Here are some reasons to consider getting staff involved with social media:
- It's fun. Give your front desk a break from typing bookings into the computer. Get some extra search engine traffic to your website by letting them write a blog post about an upcoming event, or last weekend's hostel party.
- It keeps the front desk in touch with guests who have stayed there. Guests are probably less likely to write bad reviews if they befriend the hostel staff and can keep in touch with the people and memories they had at the hostel.
- It's extra responsibility that looks good on the resume. Blogging and social media marketing are valuable skills. "Managing a social media marketing campaign for a backpackers hostel" sounds better on a resume than "cleaned toilets in exchange for a dorm bed" and could help employees have more respect for what they do.
- Travel writing. Many people have a dream of becoming a travel writer. Set a couple of hostel employees loose on your hostel blog(s). Managing a hostel blog with good content could be added to a resume as a "travel writing job" and give them their first portfolio items.
Here is a list of tools that would be easy for your hostel employees to get involved in:
Twitter is a "microblogging" tool that lets you post short updates to a group of users who follow you. I think of Twitter as more of a networking tool than a direct-traffic building tool. Many social media influencers are on Twitter, and by getting your message to them interesting things can happen.
Updates can be posted to Twitter through a web interface or through software like Twhirl, Tweetdeck, and others. You can even post to Twitter through your mobile phone.

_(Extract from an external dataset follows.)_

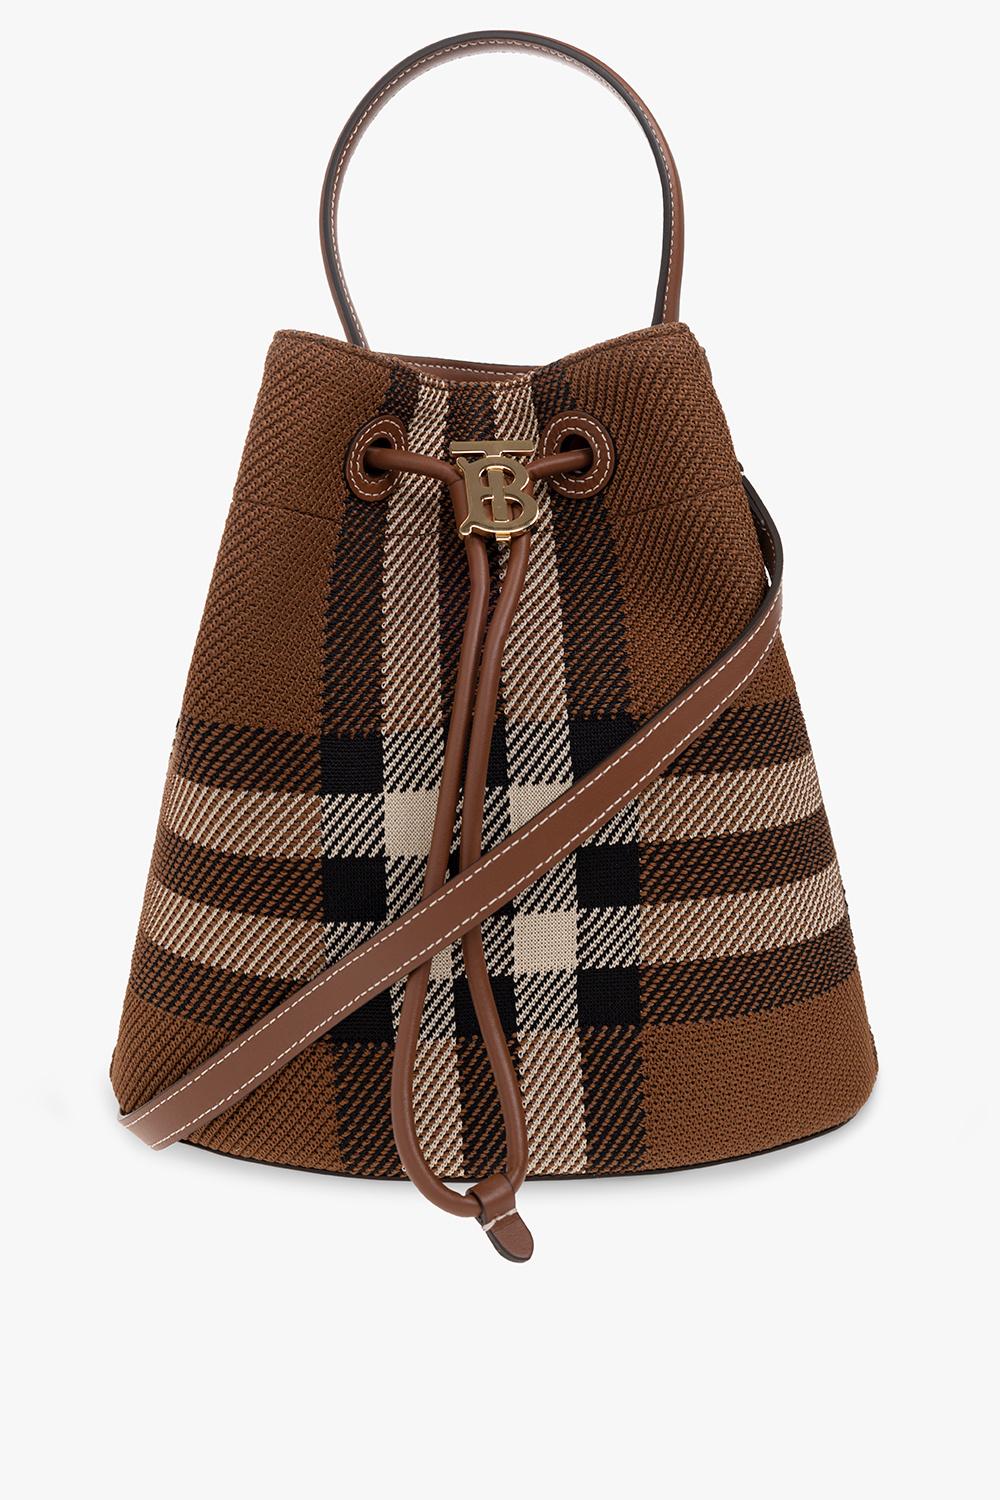 Burberry 'tb Small' Bucket Bag in Brown

To get an idea of how hostels and booking engines are using Twitter, see the list of hostels on Twitter.
To learn how to integrate a hostel blog with Twitter, see the tutorial on how to feed blog posts into Twitter.
YouTube
If any of your staff are aspiring amateur filmmakers, you could set them loose with a video camera to shoot the facilities, hostel parties, interviews with guests, tours around the hostel, or even video guides to your city.
Have them edit your movies with free video editing software like these:
- Windows Movie Maker - if you use Windows, this program is probably already installed.
- iMovie for Mac
- Wax Video Editor for Windows XP
- Kino - Linux
- ZS4 - Windows, Mac and Linux
Have them upload your videos to YouTube.com as well as other video sites like Travelistic, Vimeo, Blip.tv, and other sites. (YouTube is recommended.)
Be sure to embed your URL as a watermark in the videos, and put the name of your hostel along with your city's name in the title, text, and tags of the videos. Don't forget to put a clickable URL to your website in the videos' descriptions, as well as in the videos themselves (if the video site allows it -- YouTube does).
Check out what other hostels are doing on YouTube.
Flickr
Set your staff lose with a digital camera to shoot your facilities, happy guests, hostel parties, and even photos of your city/region. They can then upload them to your Flickr account with bulk uploading tools.
Have them give the photos descriptive names and tag the photos with descriptive keywords like "hostels,london,travel". Group the Flickr photos into Flickr "sets" and add some hyperlinks back to your website.
Friendfeed
Friendfeed.com is a service the aggregates all of your online activity into one place so that your friends can see what you're up to. There are currently 49 different online services that Friendfeed can aggregate. Flickr, Facebook, Plurk, Pownce, YouTube, Tumblr, Twitter, blogs, and more.
Ping.fm
Hostel Blogging
There are many good free blogging services like Wordpress.com, Blogger.com and Tumblr.com. You could give staff their own off-site blog(s) to post content to. Or, even better, put a blog on your own website and get the full traffic benefits of your blog.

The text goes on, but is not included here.